New Bishop Museum exhibit highlights modern and traditional weaving in Hawaii

2005

If you spotted a hala (pandanus or screw pine) plant in Hawaii and didn’t know any better, it would be easy to discount it as just another tropical plant. But this strange looking vegetation—twisted and palm-like in appearance with pineapple-shaped fruits and hovering in size somewhere between a tree and a shrub—has been a significant cultural mainstay here for millennia.

Early Hawaiians wove the fibrous and easy-to-rip lau hala (hala leaves) into thatch for houses, floor mats, baskets, and even loincloths. Lau hala sails topped traditional voyaging canoes and played a significant role in linking Pacific Island cultures. Today, modern lau hala artisans continue the tradition of ulana (weaving), plaiting the plant into a myriad assortment of functional and aesthetic products.

The hala plant, including its many uses past and present, is the subject of the Honolulu-based Bishop Museum’s latest rotating exhibit: Nani I Ka Hala (Beauty of the Hala): Weaving Hawaii.” The new exhibit will be housed in the museum’s JM Long Gallery and opens this Sat., March 28.

 

A hala plant on Oahu. Photo: Wikimedia Commons.
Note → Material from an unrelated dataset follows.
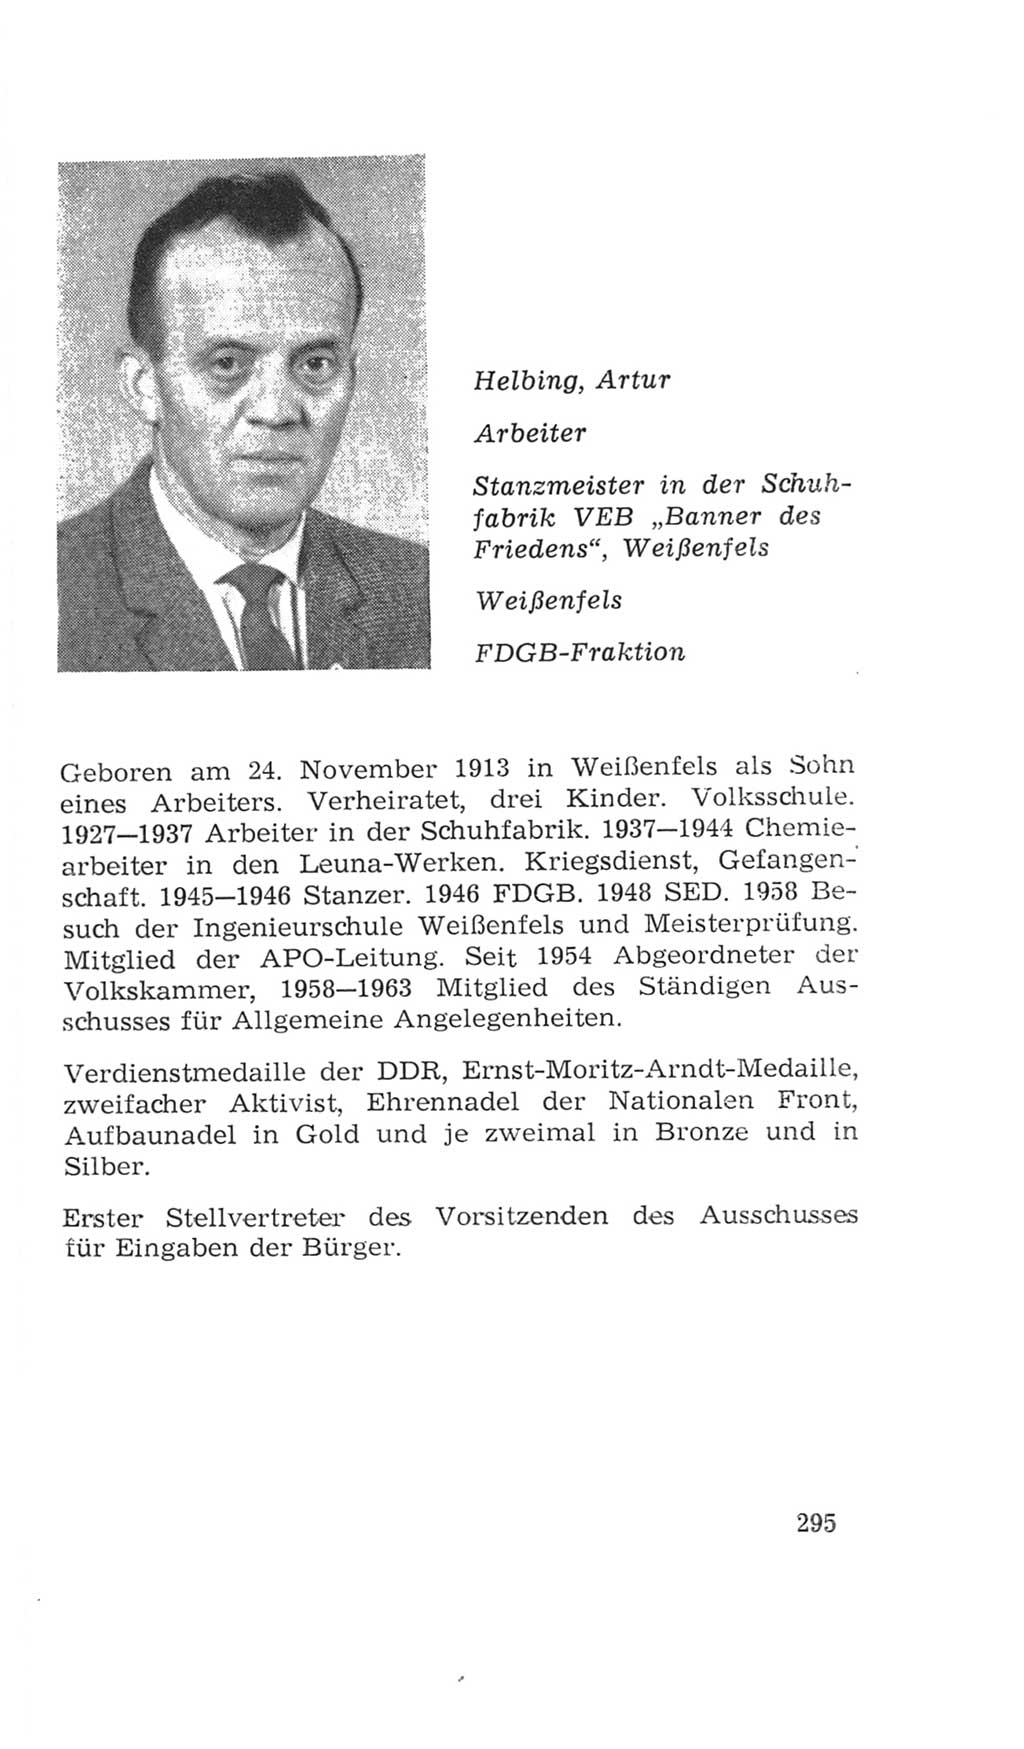 Volkskammer (VK) der Deutschen Demokratischen Republik (DDR), 4. Wahlperiode 1963-1967, Seite 295 (VK. DDR 4. WP. 1963-1967, S. 295)

The new exhibit promises many historical lau hala weavings, including a 16 ft. full-size traditional sail, the only one in the Bishop Museum’s collection and on display for the first time.

Interactive video installations will share the stories of modern lau hala artisans and demystify some of the tools and techniques they employ. Some of the more contemporary lau hala weavings housed in the new exhibit include: iPad covers, handbags, eyeglass cases and hats, including the personal lau hala hat collection of Bernice Pauahi Bishop, the museum’s namesake and the last descendant of the royal Kamehameha family.

One section of the display will also explore the future of the hala plant in Hawaii and will detail emerging partnerships between weavers and biologists as the plant faces a new invasive insect threat.

Want try your hand at hala weaving and make something you can take home? Visitors can join in daily, guided workshops and learn how to make a small woven hala piece or bracelet.